In conclusion, the lattice structure of an 80-nm-thick Bi thin film grown on (111) Si substrate by MBE has been investigated. Most of the grains in the film were grown along [0003] direction but with two different stacking sequences, i. e., in two twining phases. From EBSD, XRD φ-scan, and SAED measurements, we found that the preferential twining phase well register the lattice of the bottom Si substrate. The lattice parameters, c, a, and b as well as the Debye–Waller factor of the (0003) grains have been determined. The parameters are close to those of bulk Bi single crystal, implying that the grains are nearly fully relaxed despite the huge ~ 18% lattice mismatch.

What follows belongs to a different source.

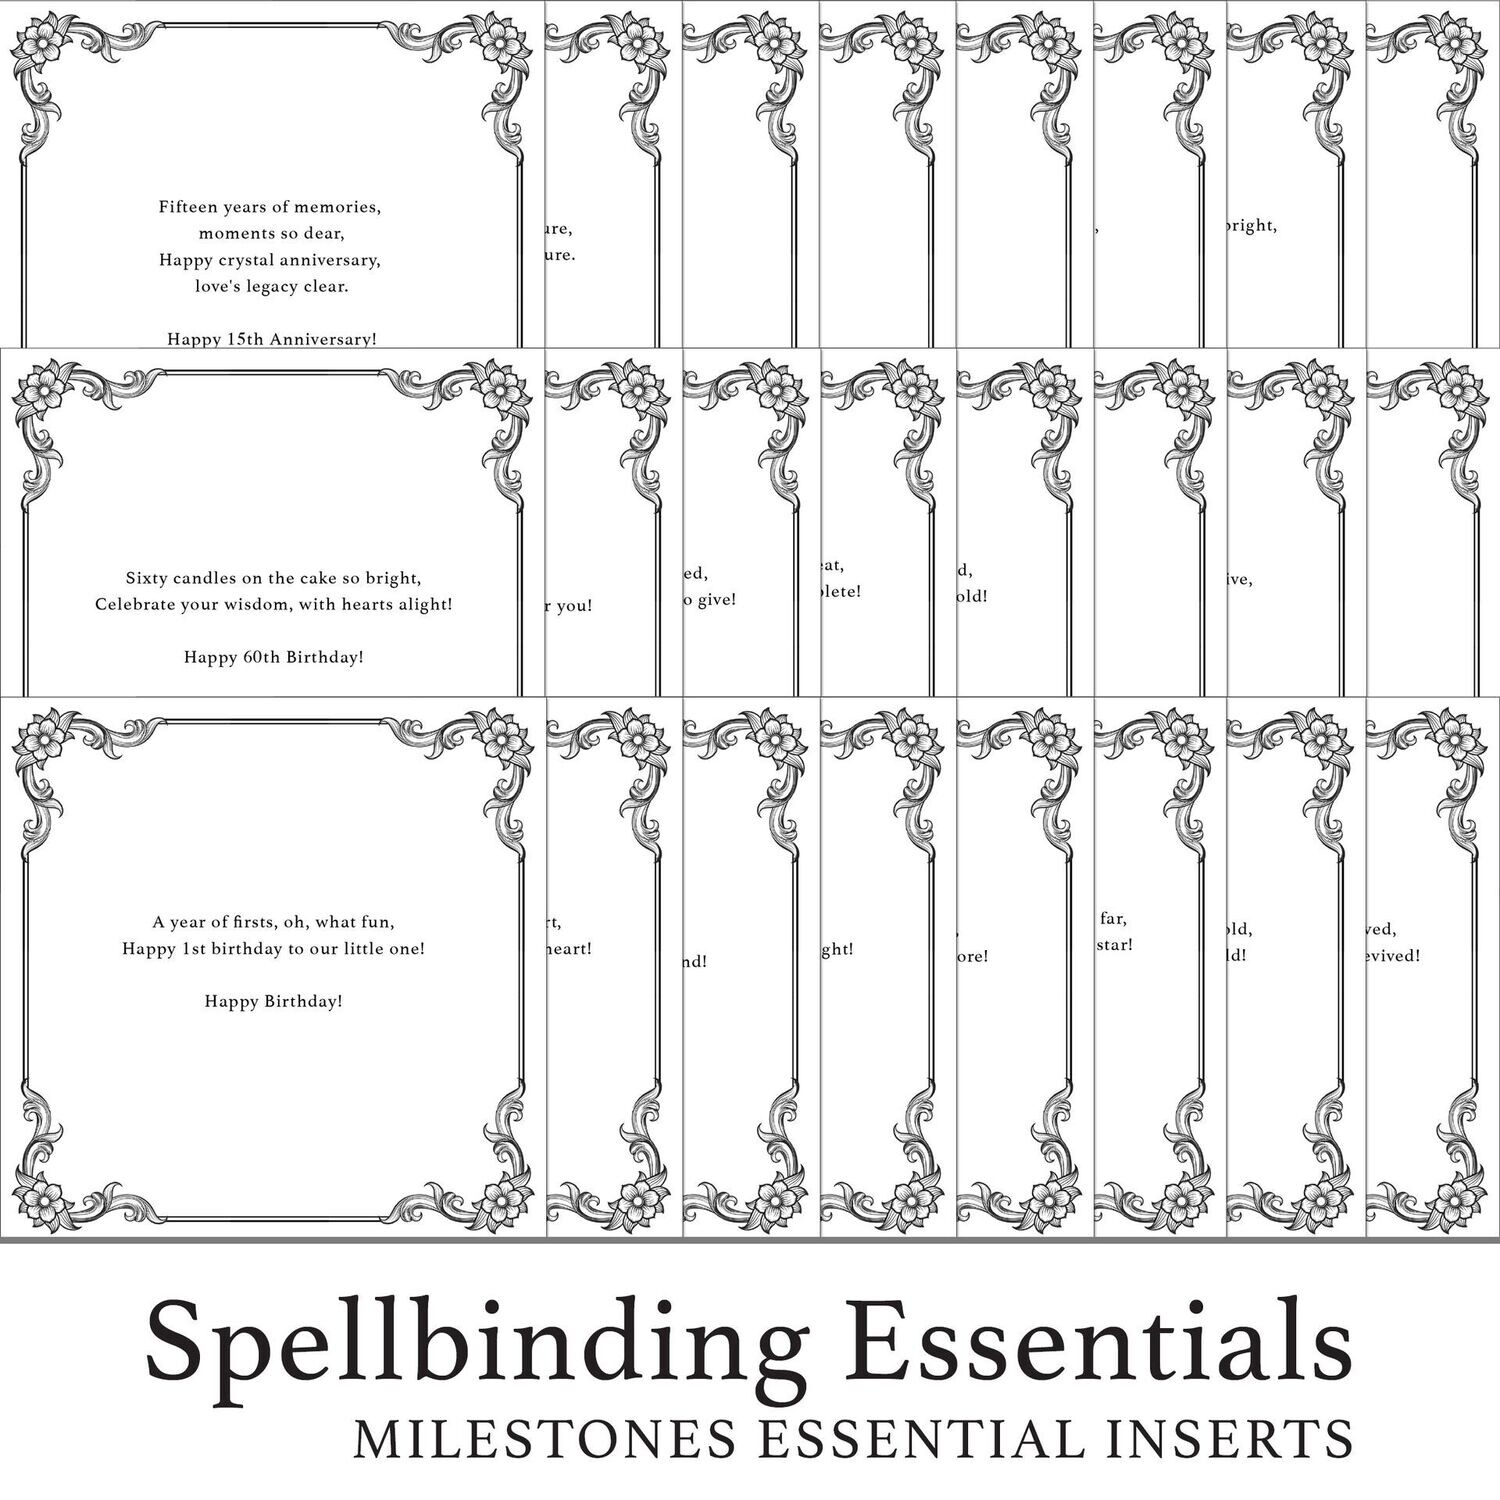 Spellbinding Essentials - 333 Milestones Essential Inserts

From these findings, we believe that the growth is a quasi-van der Waals epitaxy.

Methods

MBE of nanoscale Bi

Bi thin film was deposited on Si(111) substrate by MBE. Before the growth, Si wafers were degreased in acetone, methanol and isopropyl alcohol each for 2 min and then soaked into 2% HF solution for 1 min to remove the native oxide. The wafers were then loaded into SVTA MBE system and were baked at 300 °C under UHV environment for 1 h in the buffer chamber and desorbed at 850 °C for 5 min in the growth chamber. The temperature of substrate was a critical parameter during the growth, which was fixed at 130 °C and the growth time was 30 min. Typical RHEED patterns before and after bismuth deposition can be found as supplementary Fig. S3.

HRXRD spectra

HRXRD spectra of Bi film were carried out on Bruker New D8 Discover with an X-ray wavelength of 1.5406 Å (Cu K-α) and an integration time ranging from 0.1 s to 1 s.

SAED pattern

SAED pattern of Bi grains were carried out on JEOL JEM-2010F TEM with an accelerating voltage of 200 kV.

EBSD maps

EBSD maps of Bi film were performed on JEOL JSM-7800F PRIME with EBSD NordlysMax3 detector. The accelerating voltage is 20 kV.